Таким же образом в стране было продумано и стимулирование артистов. Поскольку большая часть их гонораров за рубежом забиралась, то зарплаты, которые им устанавливались внутри страны, были очень высокими.

К высокой зарплате артистам цирка полагалась прибавка, так называемые «суточные». «Суточные» выплачивались за разъездной характер работы. Разъездная жизнь действительно создает бытовые неудобства – это и вождение ребенка в школу, в детский сад, приготовление пищи, стирка и прочее в походных условиях гостиницы. Поэтому всем цирковым артистам доплачивались еще 75 рублей «суточных».

Таким образом, артисты цирка получали значительно больше, чем артисты кино, эстрады, театра и т. д. Они получали больше, чем большинство остальных граждан нашей страны. Хотя высшая ставка на эстраде была больше цирковой, но концерты, даже у суперзвезд эстрады, не проводились каждый день. Их могло быть максимум 10, 15 в месяц, и это уже считалось много. А в цирке постоянно, за вычетом переездов из города в город и отпуска, артисты ежедневно работали и получали свою зарплату.

Олег Попов, памятуя о военном и послевоенном голоде, всегда вел скромный образ жизни. Конечно, они с женой и дочерью очень хорошо одевались, но вся одежда привозилась из-за рубежа и шла не за счет тех денег, что он получал в стране.
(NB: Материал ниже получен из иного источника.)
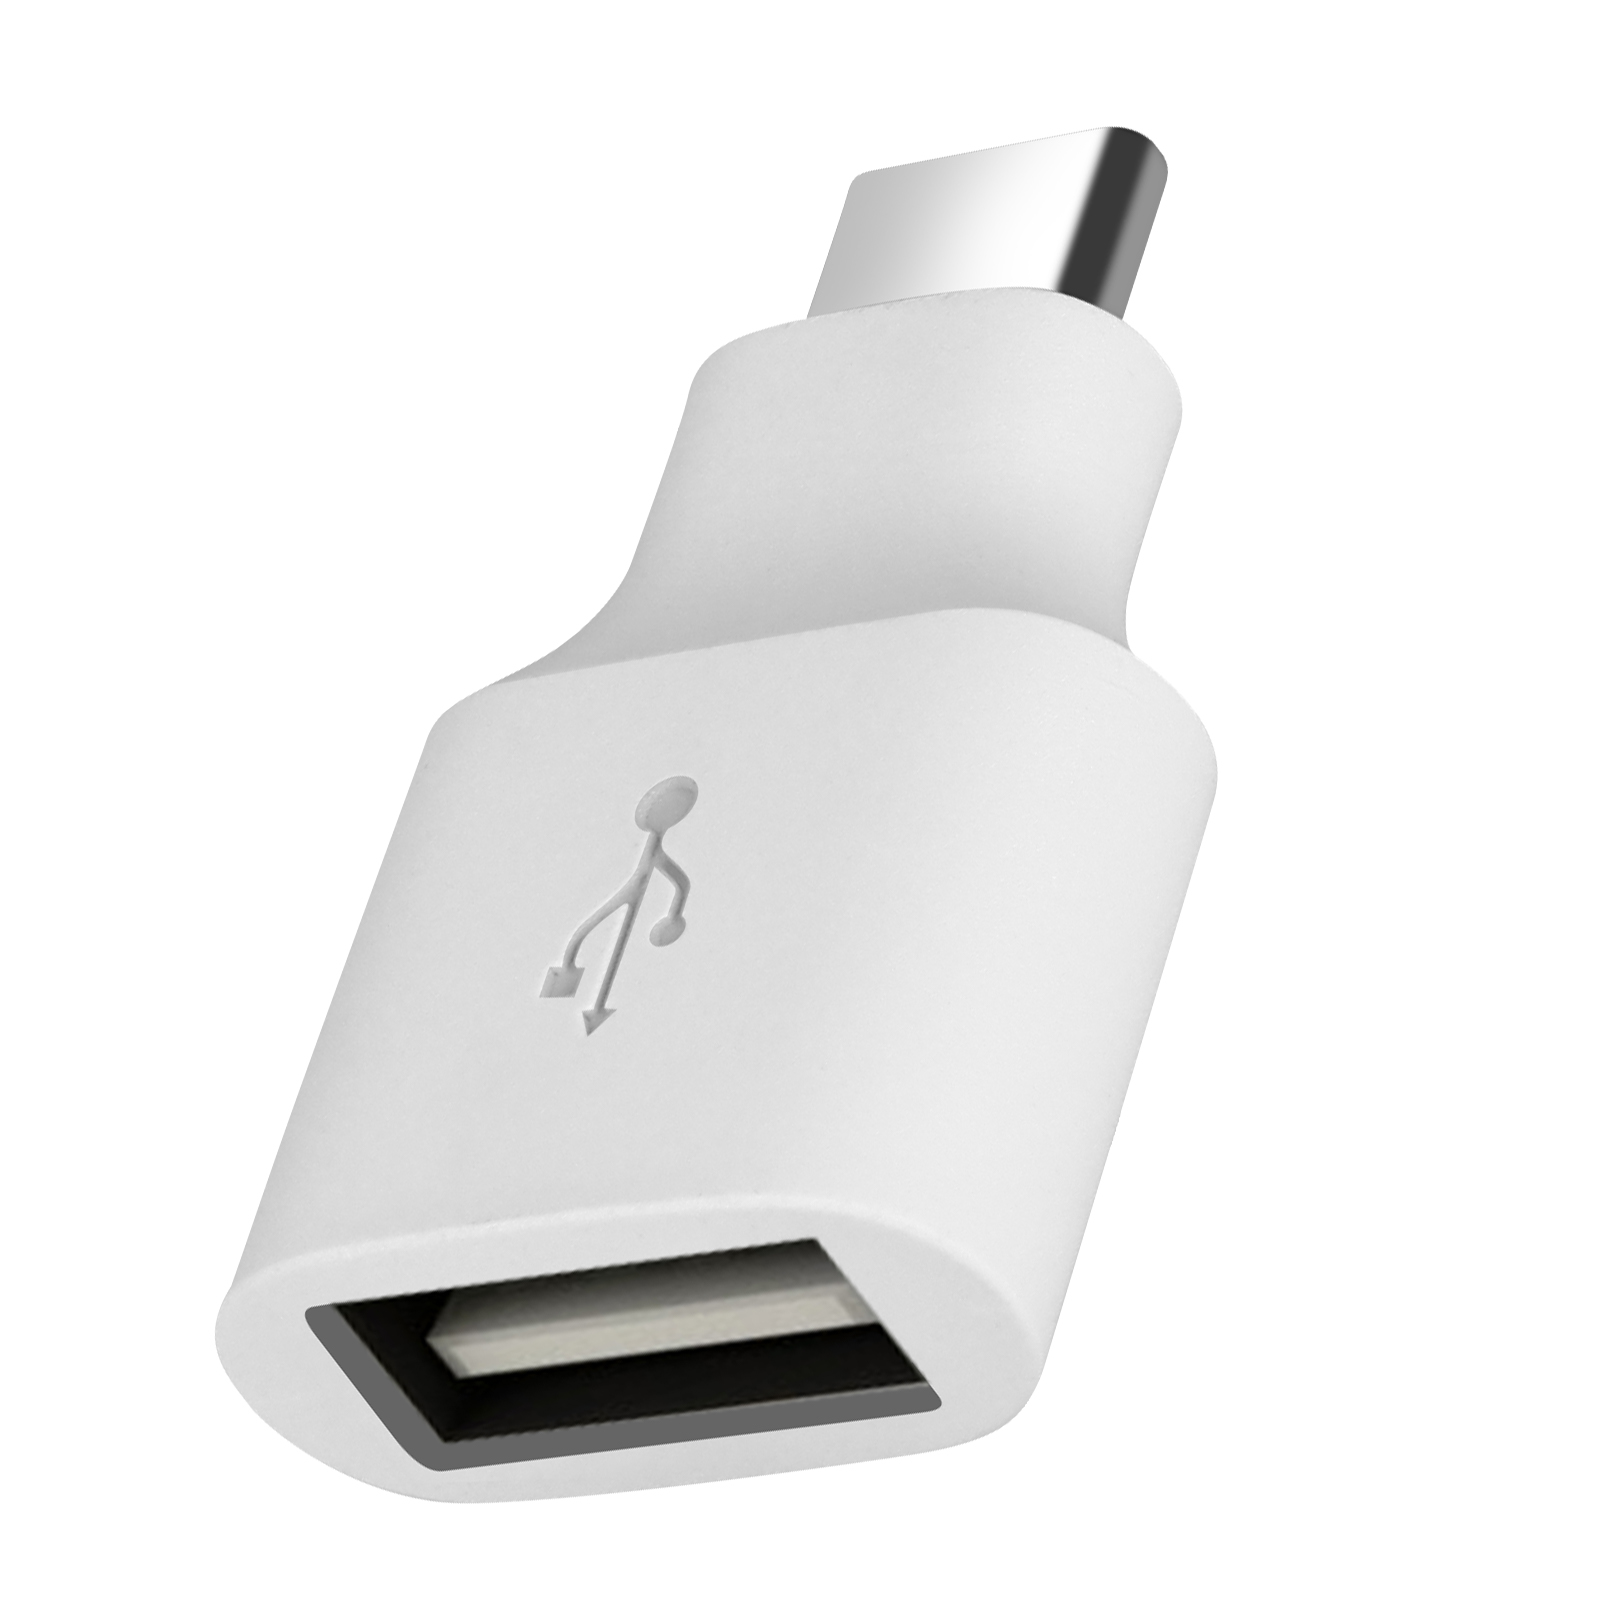 USB-C Weiß Google, Buchse USB-Adapter USB auf GOOGLE Stecker
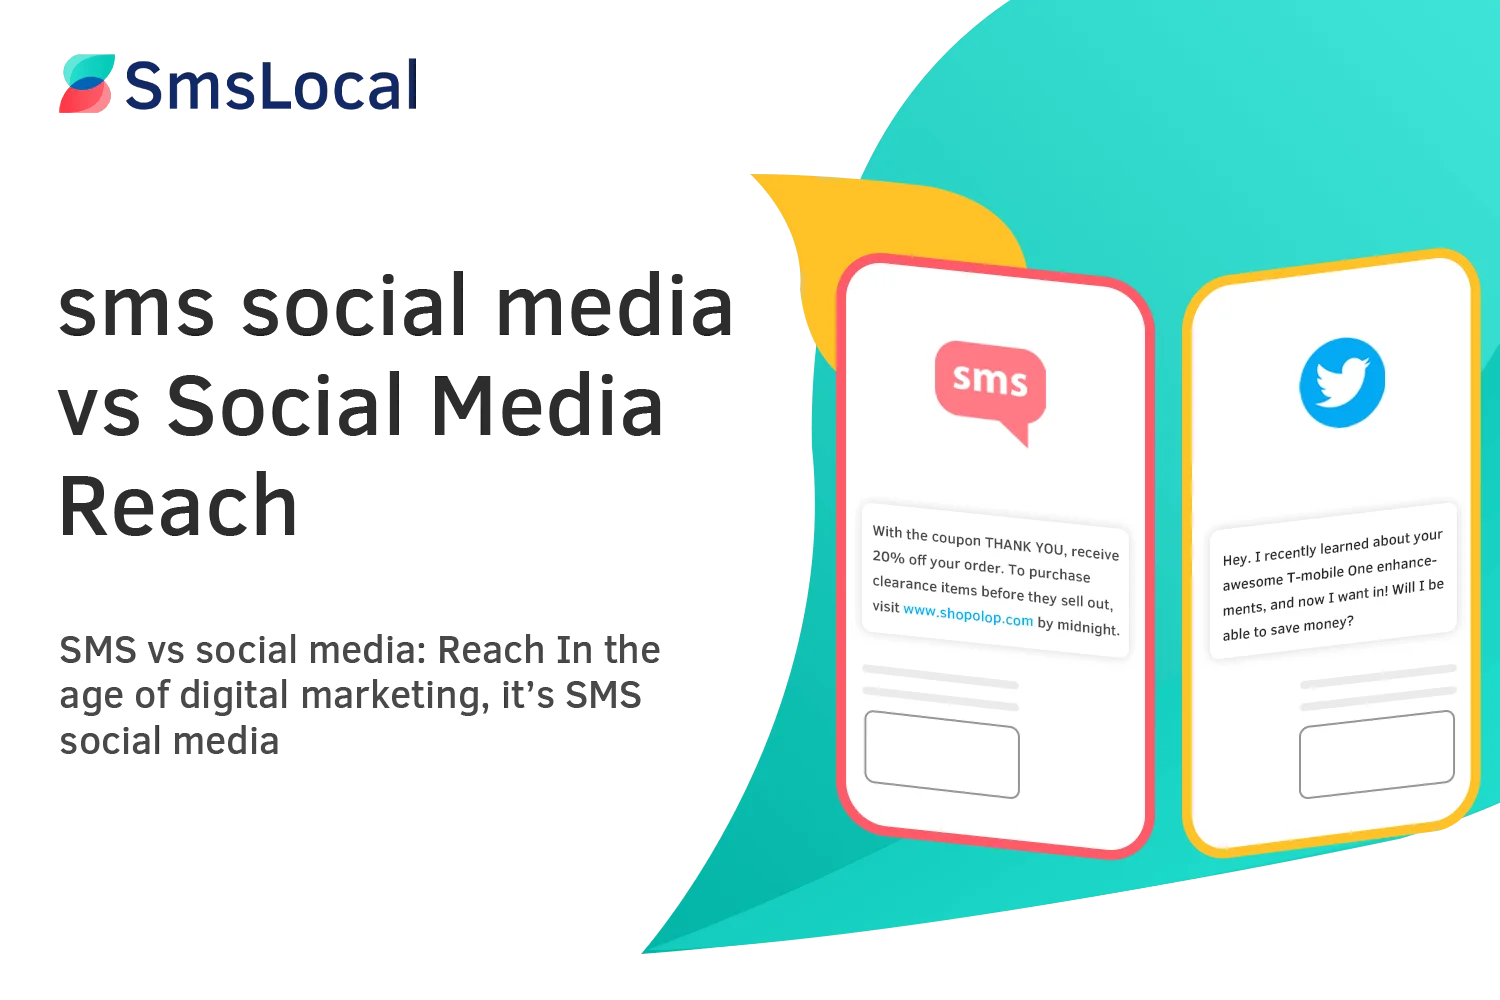 sms-social-media-vs-Social-Media-Reach-1 (1)

Когда артисты цирка уезжали за рубеж, им также сохранялась зарплата в стране. Это привело к созданию своего рода «жировой прослойки» у многих ведущих артистов. У цирковой элиты собирались очень приличные суммы. Тратить их в Советском Союзе особо было некуда.

Еще во время Отечественной войны руководство страны разрешило цирковым коллективам проводить частные концерты. Помимо того, была установлена так называемая «красная полоса» – сертификат, по которому продукты и мясо цирковым животным выдавались независимо даже от того, что в городе царил голод. Иногда это вызывало стихийные бунты на мясокомбинатах и продовольственных базах. Чтобы выжило цирковое искусство, правительство разрешило создавать и частные, так называемые «колхозные» цирки. Ловкие администраторы, как правило из артистов, колесили по городам, поселкам, районным центрам и богатым селам, словом, там, где имелись клубы, и зарабатывали так много, что спали на сундуках с деньгами буквально.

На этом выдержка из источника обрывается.